America operates under the rule of law, and has since our independence in 1776. The rule of law separates us from most other countries — and if you need any evidence, just try driving in some of them.

Gary Gensler and I may disagree strongly with the court, but he recognizes the important of our nation’s checks-and-balances system. This democratic approach to government is what has made America the greatest country in the world.

The legislative branch writes laws; the executive branch can veto them, and the legislative branch can override the veto — and the judiciary can nullify laws that are unconstitutional. This system preserves our republic and our liberty.
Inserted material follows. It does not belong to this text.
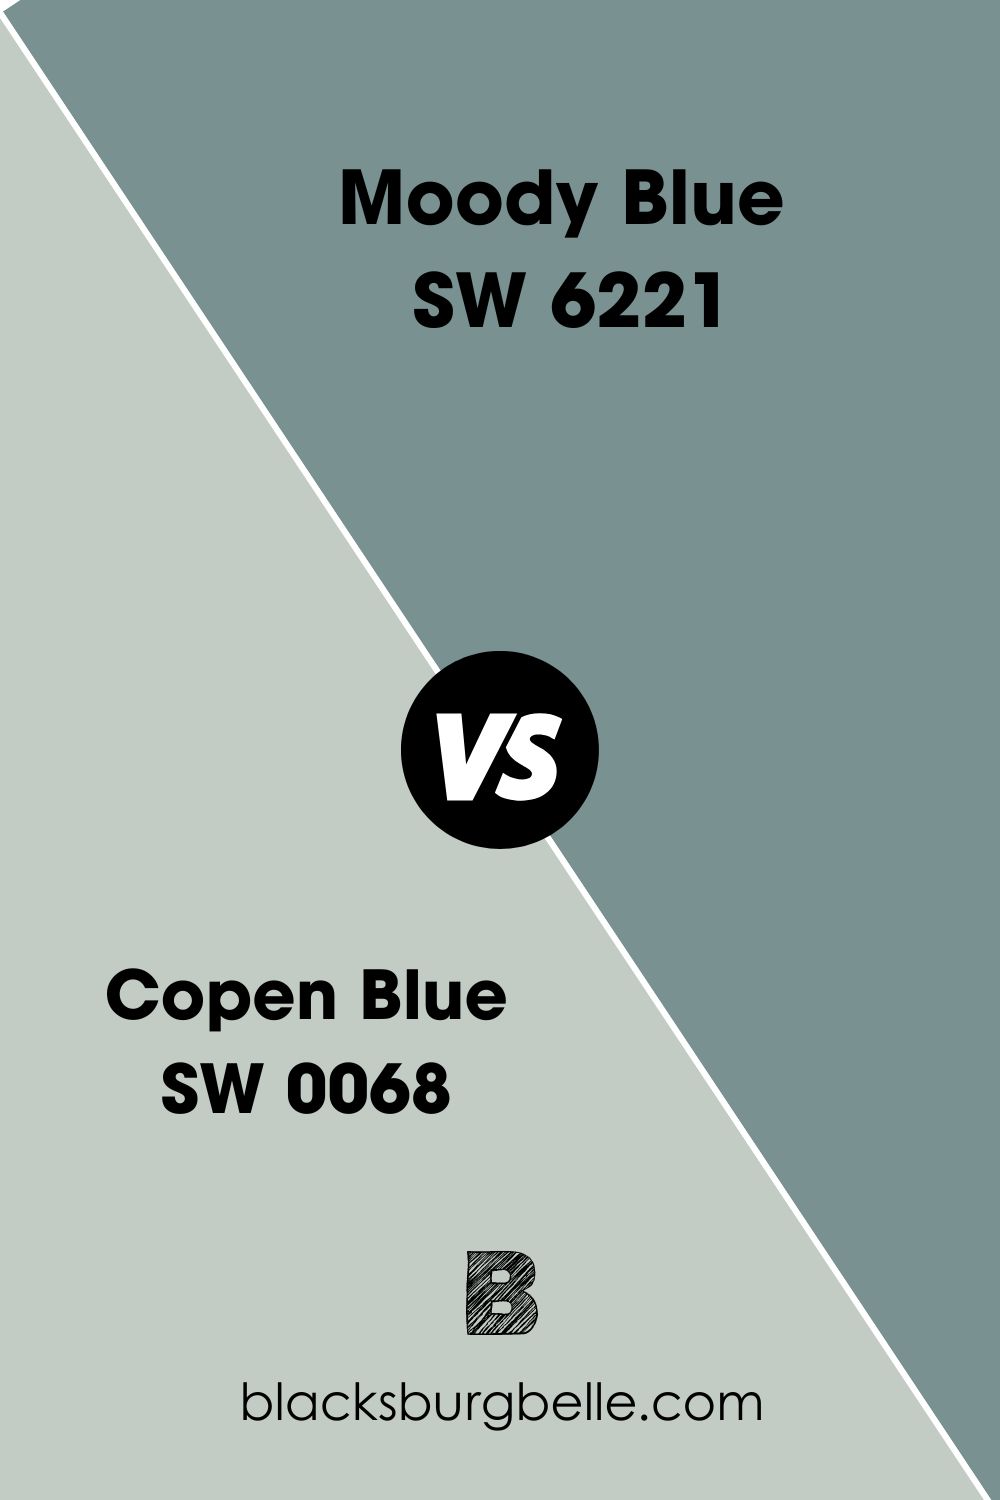 Moody Blue SW 6221 (8)
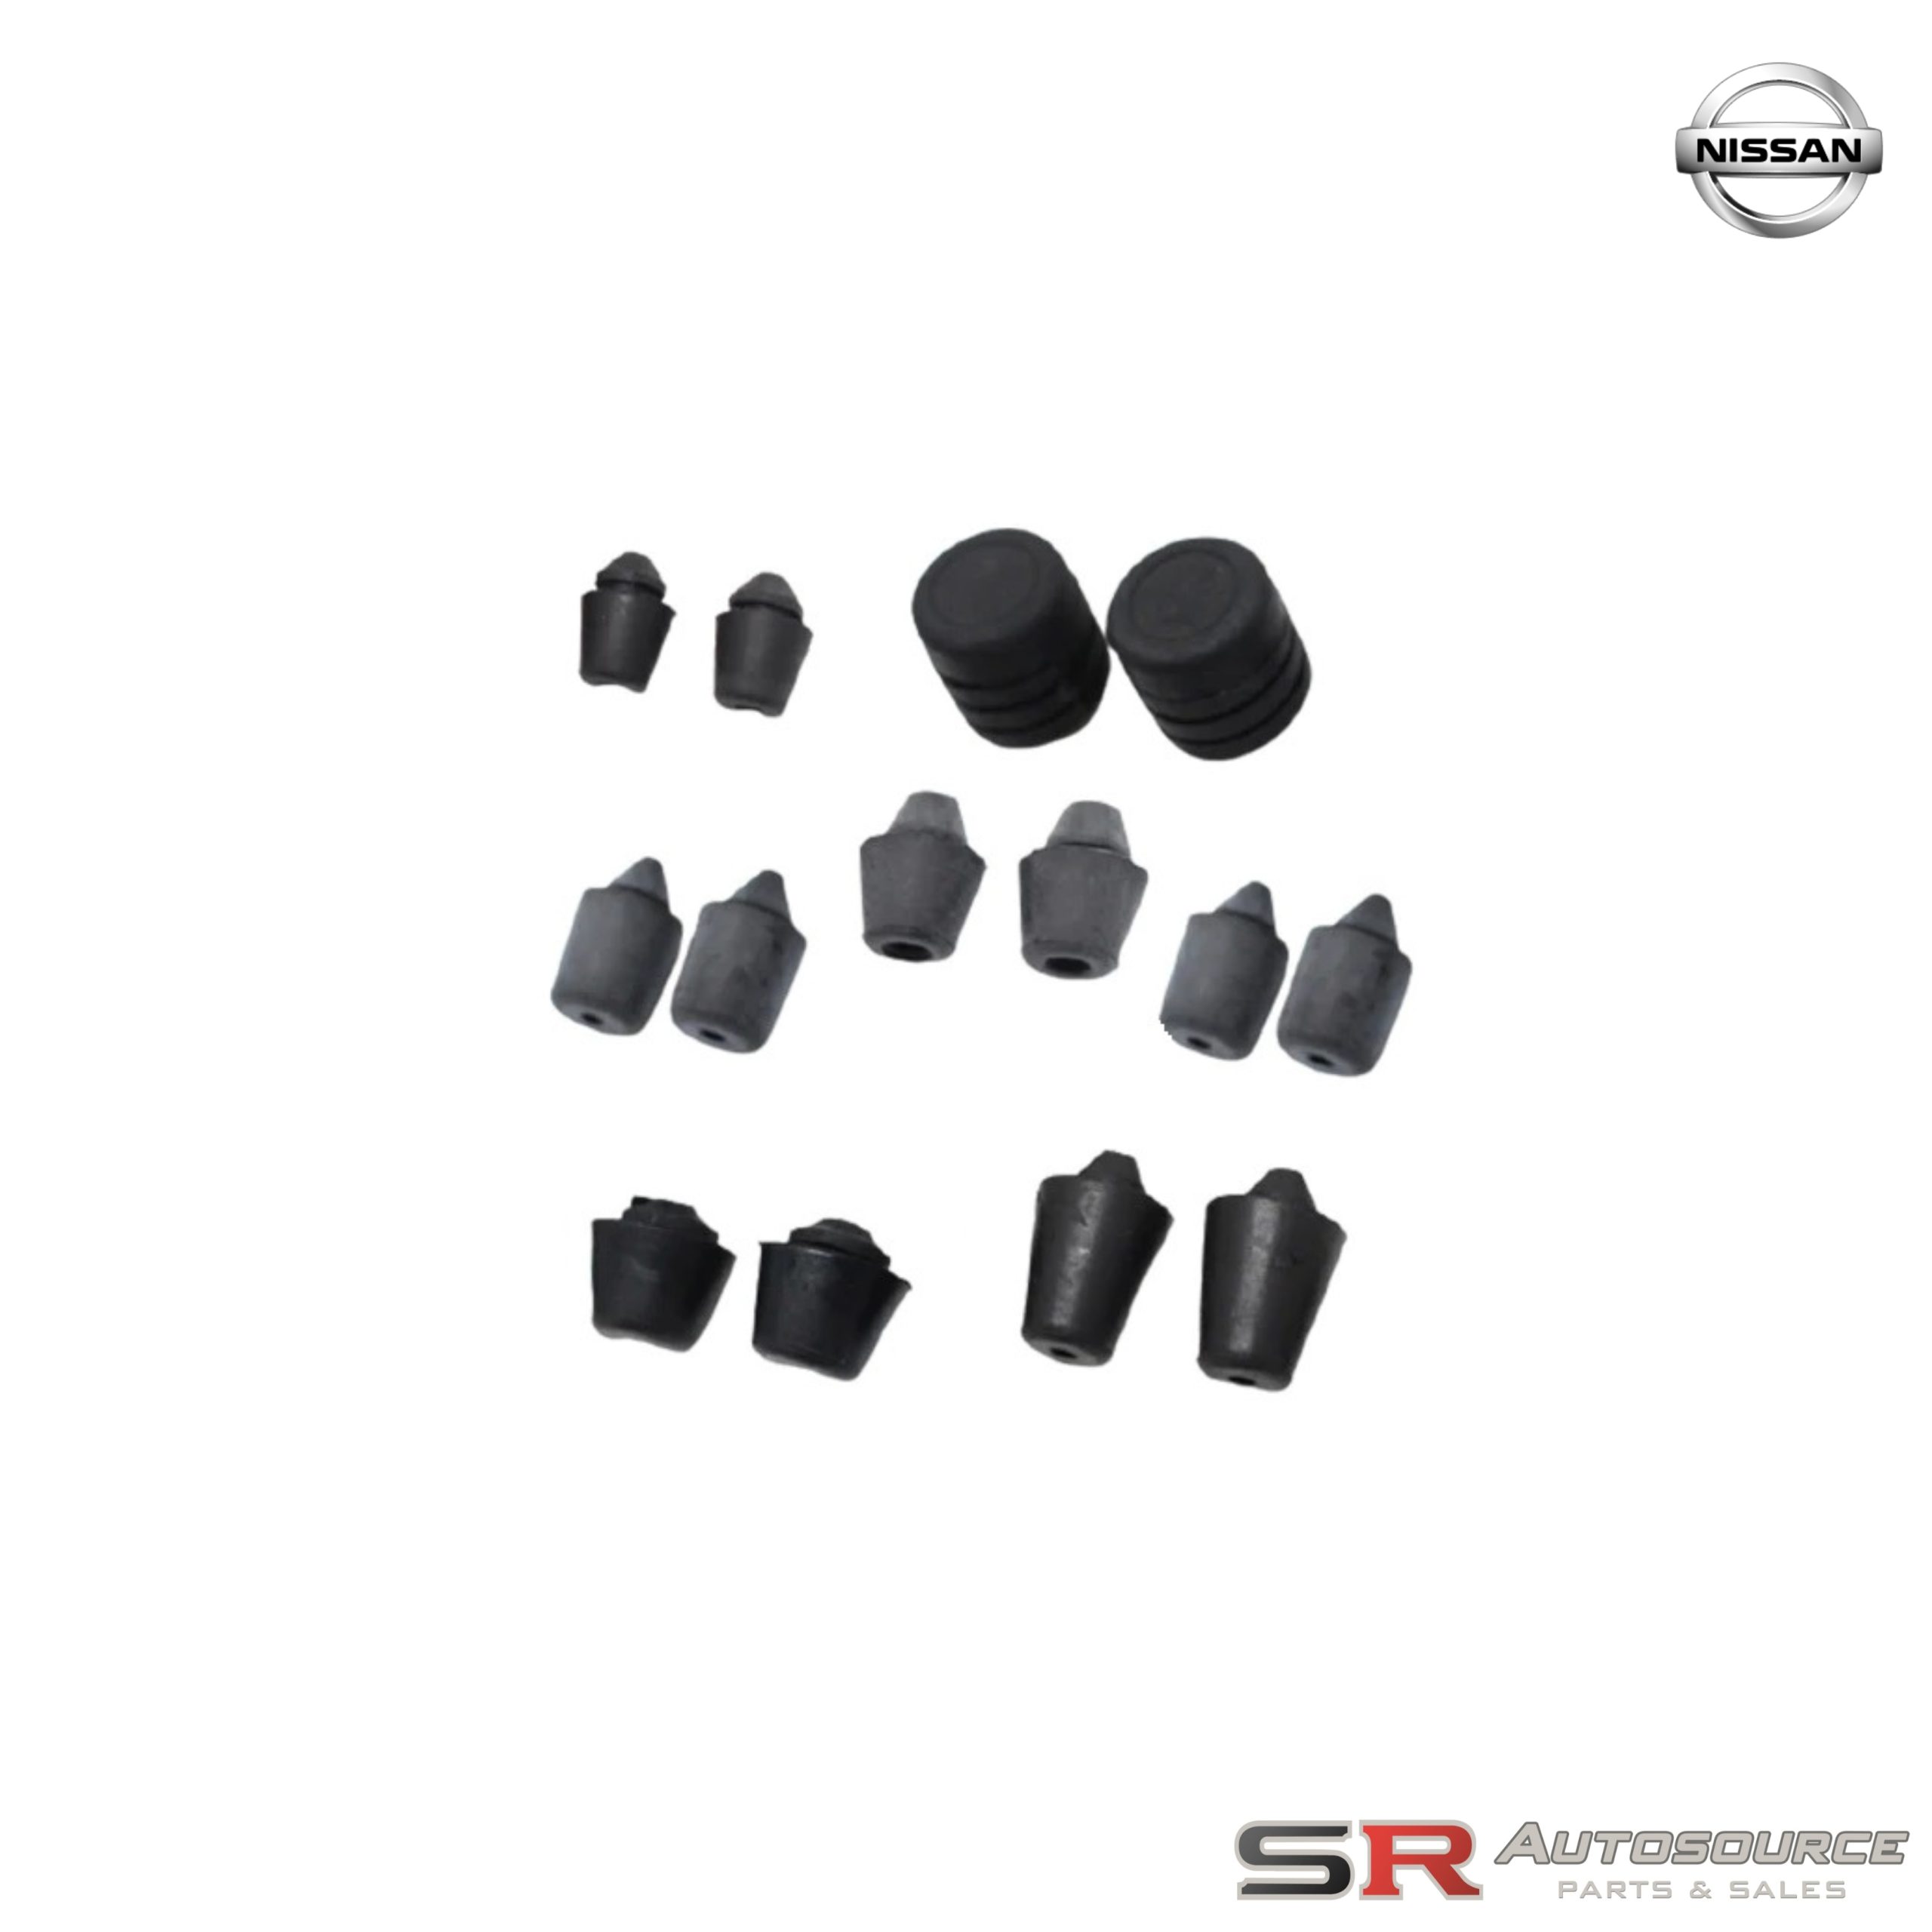 OEM Nissan Skyline Door Stop Cushion Rubbers Set – R32/R33/R34 Models

So although Gary Gensler strongly disagreed with the court, and has made clear he dislikes spot bitcoin ETFs (he warned investors against using them), he recognized that he isn’t above the court.

Thus, he complied with the order, and he approved the spot bitcoin ETF applications — all 11 of them. He may have done it while kicking and screaming, holding his breath and stomping his feet, but he did it.

In other words, Gary Gensler did what a statesman would do. And this is a cause for congratulations and celebrations.

Oh, I’m sure Gary and I aren’t done arguing. We don’t agree about the need for crypto regulation, for example. We’ll continue to disagree, but we’ll do so within the rule of law. It sometimes takes statesmanship to uphold that rule, and Gary Gensler just showed us what a statesman looks like.

Thank you, Gary Gensler.


Ric Edelman is an author and founder of the RIA Edelman Financial Engines (earlier Edelman Financial Services). He now leads the Digital Assets Council of Financial Professionals.